And you may have to add in white space.. so *University of Oxford * as well as *University of Oxford*.

I don’t want to knock the site, but I am really interested to know how this data might be used. Really. Genuinely. I am properly interested. How would someone working in the charitable sector use that website to help them do something? What thing? How would it support them? My imagination may be able to go off on crazy flights of fancy in certain areas, but my lack of sector knowledge or a current headful of summer cold leaves me struggling to work out what this website would tangibly help someone to do. (I tried to ask a similar question around charities data before, giving the example of Charities Commission data grabbed from OpenCharities, but drew a blank then.) Like @cogdog in his search for real OER use case stories, I’d love to hear examples of real questions – no matter how trivial – that the 360 Giving site could help answer.

As well as the website, 360 Giving folk provide a data download as a CSV file containing getting on for a quarter of a million records. The date stamp on the file I grabbed is 5th June 2014. Skimming through the data quickly – my own opening conversation with it can be found here: 360 Giving Grant Navigator – Initial Data Conversation – I noticed through comparison with the data on the website some gaps…

  • this item doesn’t seem to appear in the CSV download, perhaps because it doesn’t appear to have a funder?
  • this item on the website has an address for the recipient organisation, but the CSV document doesn’t have any address fields. In fact, on close inspection, the record relates to a grant by the Northern Rock Foundation, and I see no records from that body in the CSV file?
  • Although there is a project title field in the CSV document, no project titles are supplied. Looking through a sample of grants on the website, are any titles provided?
  • The website lists the following funders:

    Arts Council England
    Arts Council Wales
    Big Lottery
    Creative Scotland
    DSDNI
    Heritage Lottery Fund
    Indigo Trust
    Nesta
    Nominet Trust
    Northern Rock Foundation
    Paul Hamlyn Foundation
    Sport England
    Sport Northern Ireland
    Sport Wales
    TSB
    Wellcome Trust

    The CSV file has data from these funders:

    Arts Council England
    Arts Council Wales
    Big Lottery
    Creative Scotland
    DSDNI
    Nesta
    Nominet Trust
    Sport England
    Sport Northern Ireland
    Sport Wales
    TSB
    Wellcome Trust

    That is, the CSV contains a subset of the data on the website; data from Heritage Lottery Fund, Indigo Trust, Northern Rock Foundation, Paul Hamlyn Foundation doesn’t seem to have made it into the data download?
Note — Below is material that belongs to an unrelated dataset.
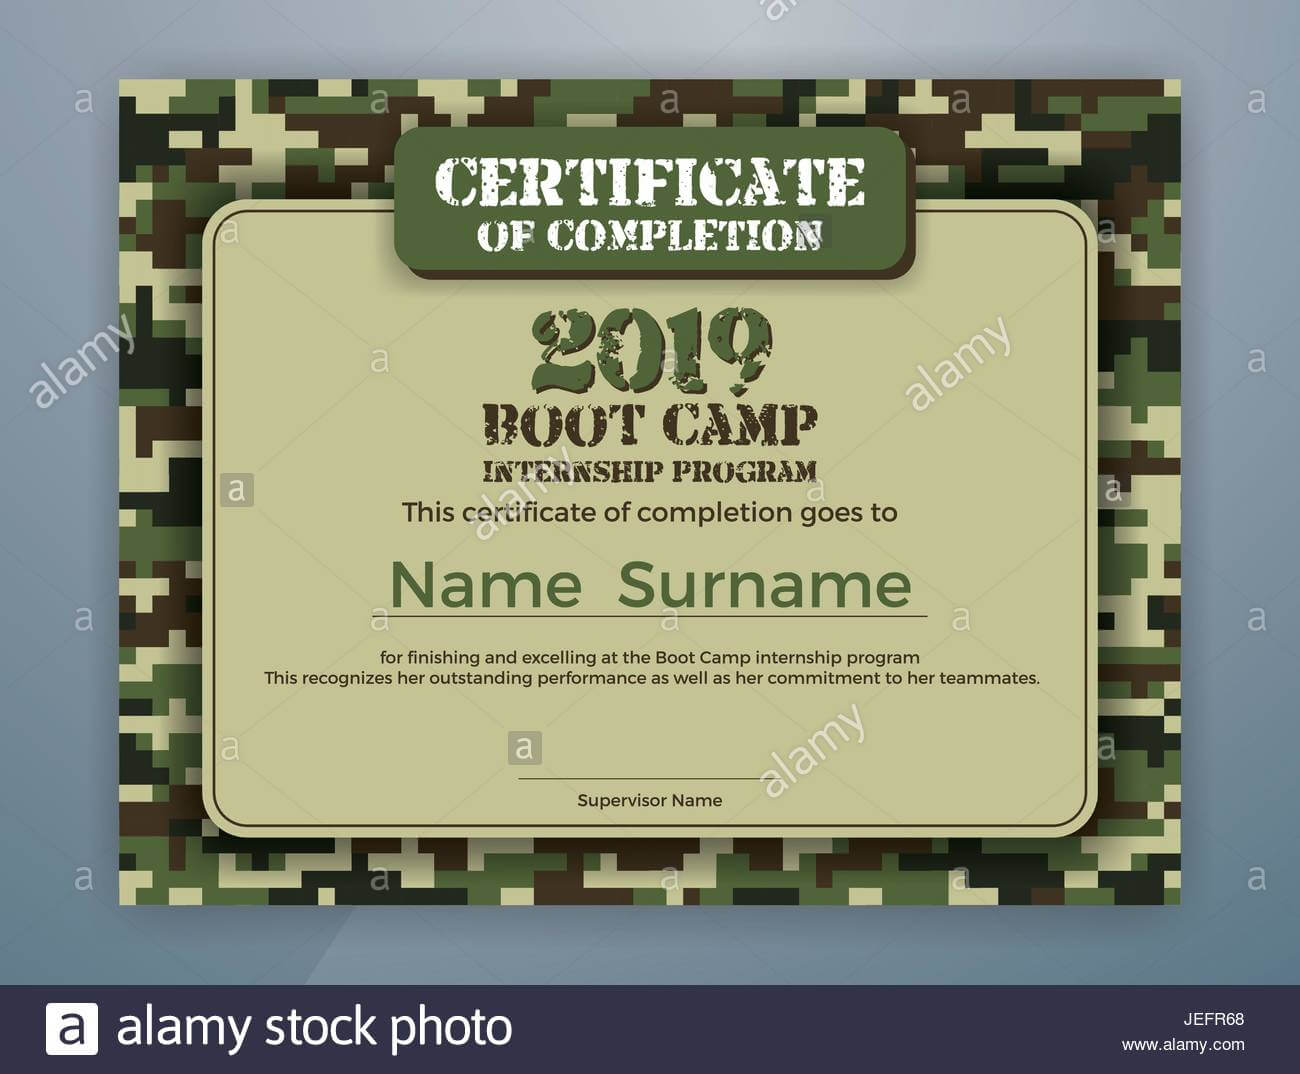 Boot Camp Internship Program Certificate Template Design With Boot Camp Certificate Template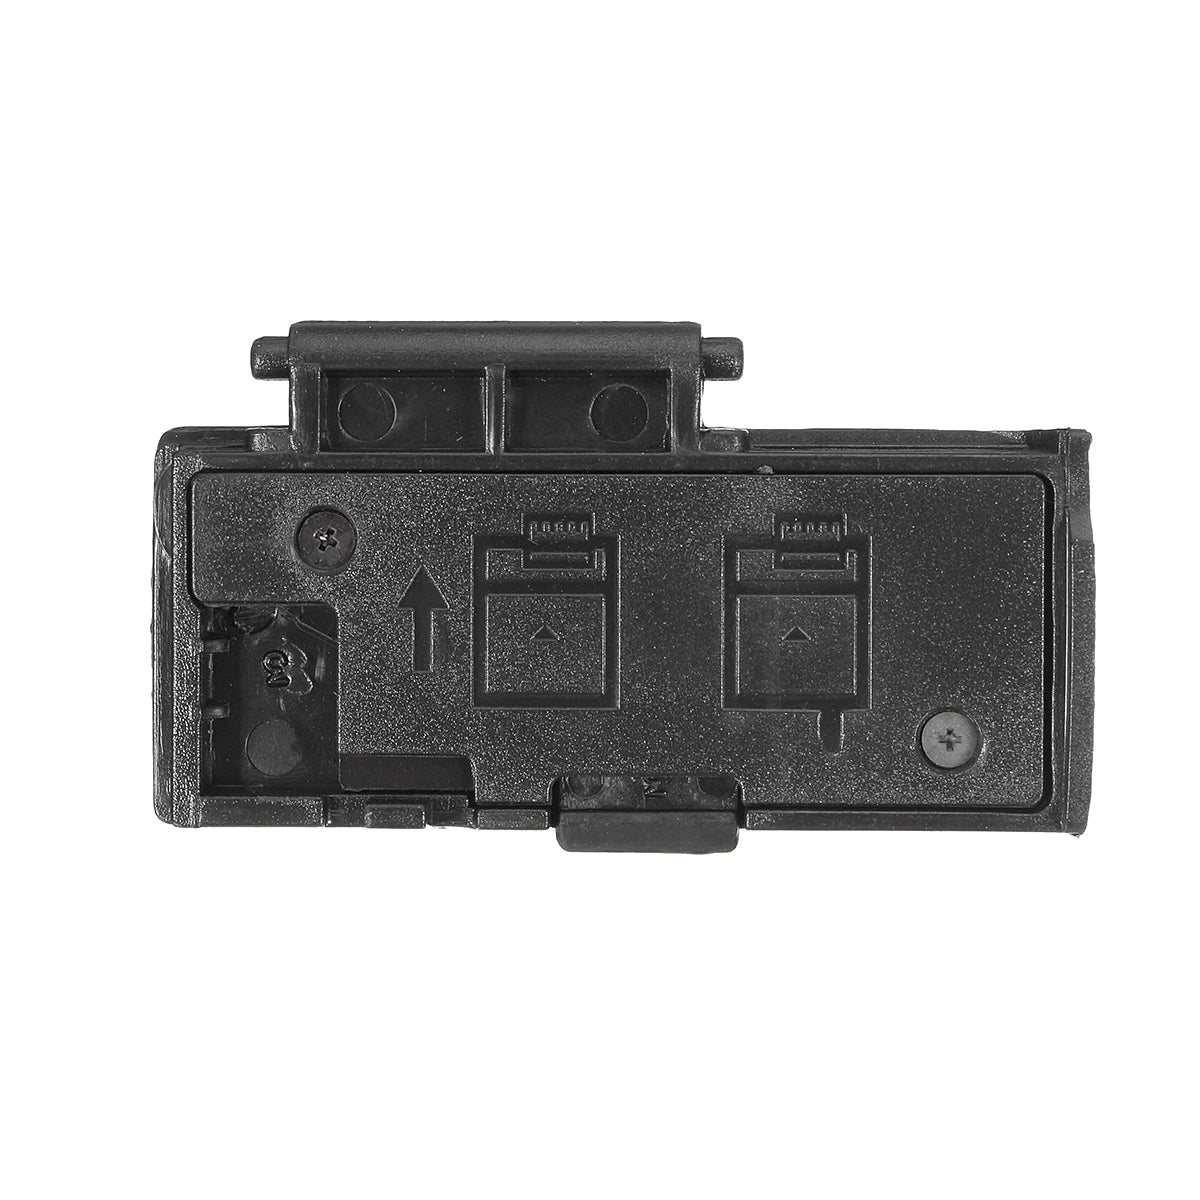 Battery Door Cover Lid Cap Repair Replacement Part Plastic For Canon EOS 550D

I also note that data from the Research Councils’ Gateway to Research (aside from the TSB data) doesn’t seem to have made it into either dataset. For anyone researching grants to universities, this could be useful information. (Could?! Why?!;-)

  • No company numbers or Charity Numbers are given. Using opendata from Companies House a quick join on recipient names and company names from the Companies House register (without any attempts at normalising out things like LTD and LIMITED – that is, purely looking for an exact match) gives me just over 15,000 matched company names (which means I now have their address, company number, etc. too). And presumably if I try to match on names from the OpenCharities data, I’ll be able to match some charity numbers. Now both these annotations will be far from complete, but they’d be more than we have at the moment. A question to then ask is – is this better or worse? Does the dataset only have value if it is in some way complete? One of the clarion calls for open data initiatives has been to ‘just get the data out there’ so that it can be started to be worked on, and improved on. So presumably having some company numbers of charity numbers matched is a plus?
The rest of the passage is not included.